Using the Great Lakes as a laboratory, sedimentary petrologist Patricia Corcoran and her students at Western University in London, Ontario are studying the behaviour of microplastics as a geologic phenomenon.
What are the main sources of microplastics to Great Lakes sediment? What factors influence their distribution, and where do they concentrate?
To explore these questions, and shed light on implications such as which animals may be at risk from microplastics, Corcoran’s team has analyzed offshore and nearshore sediment samples from Lakes Huron, Ontario, Erie, and St. Clair, and their tributaries. Abundances were as high as 4,270 microplastics particles per kilogram of dry weight sediment in lake sediment, and up to 2,444 microplastic particles per kilogram in river sediment.

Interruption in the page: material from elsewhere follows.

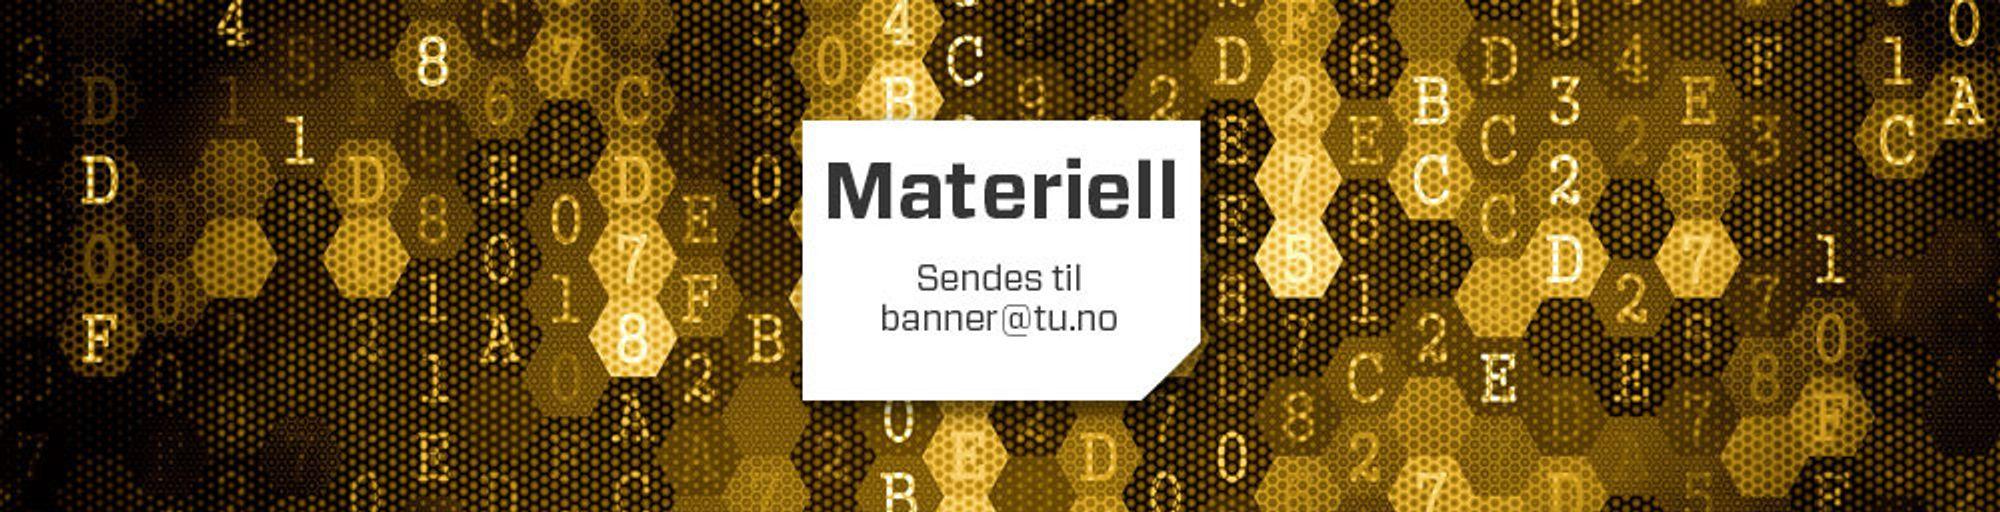 Materiell TU

The team found that the more organic debris in the sample, the more microplastics. Benthic microplastics—those incorporated into lake bottom sediments—were also more abundant near high population areas, which are also associated with plastics industry locations.
Surprisingly, not all plastic fibers found in benthic samples were plastic after all. “When we chemically analyzed fibers only 33 per cent were plastic. The others materials like dyed cotton or cellulose,” Corcoran said. “So we can’t assume that every fiber we see under the microscope is plastic.”

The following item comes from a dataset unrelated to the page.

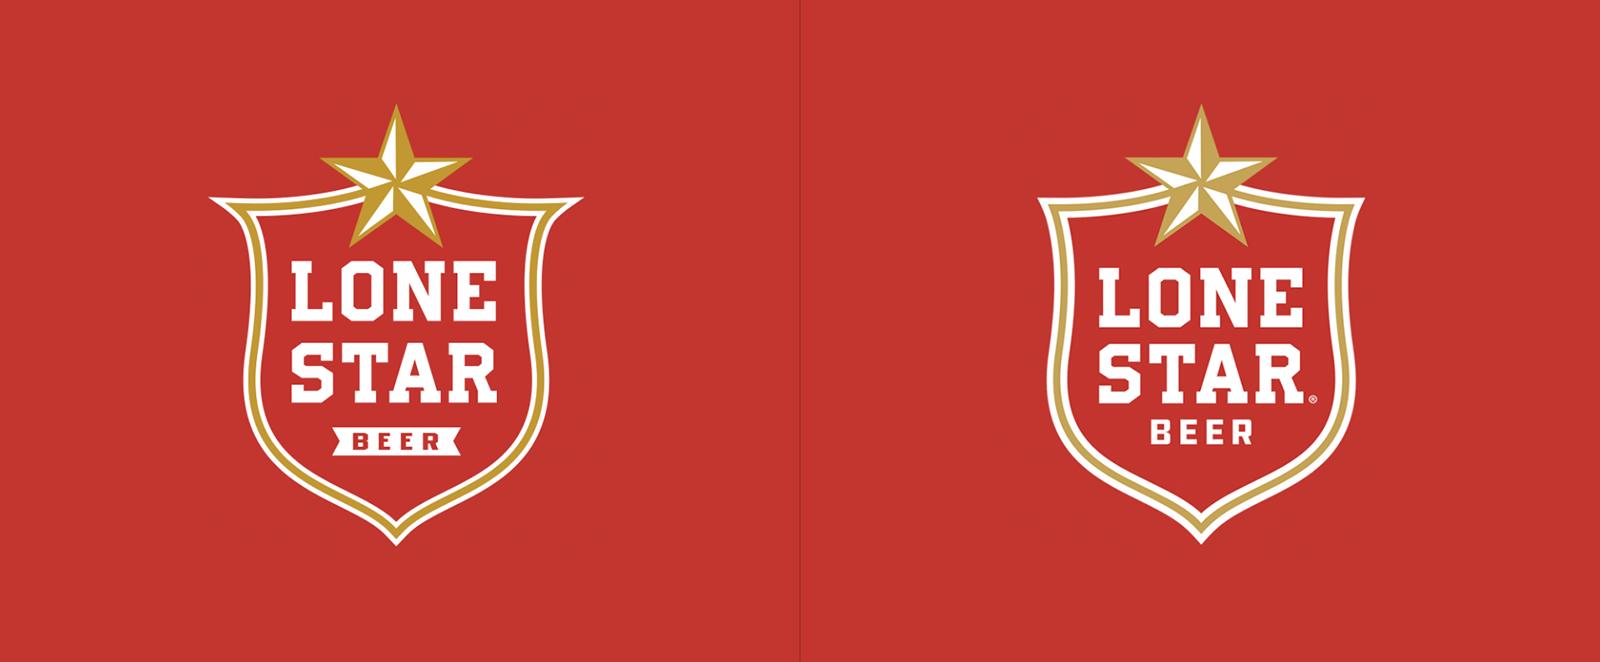 Lone Star孤星啤酒品牌更新全新的品牌VI视觉和包装设计-深圳VI设计

Corcoran’s team also sampled pellets, microplastics about the size of a lentil, from 66 beaches across all five Great Lakes. They found a total of 12,974 pellets over 660 square meters of beach, about equivalent to an eighth the area of an American football field.
Except for the two beaches containing the most pellets, they found little relationship between population density or industry and number of pellets, said Corcoran. Instead, pellets were most concentrated near tributaries. “In other words,” she said, “rivers and creeks are the main pathways used by pellets to reach the lakes.”
Burial of microplastics in lake and river sediment is just one way Corcoran has explored how plastics are becoming part of Earth’s future rock record. She’s also investigated anthropogenic stones on a Hawaiian beach, which she and colleagues called “plastiglomerate.”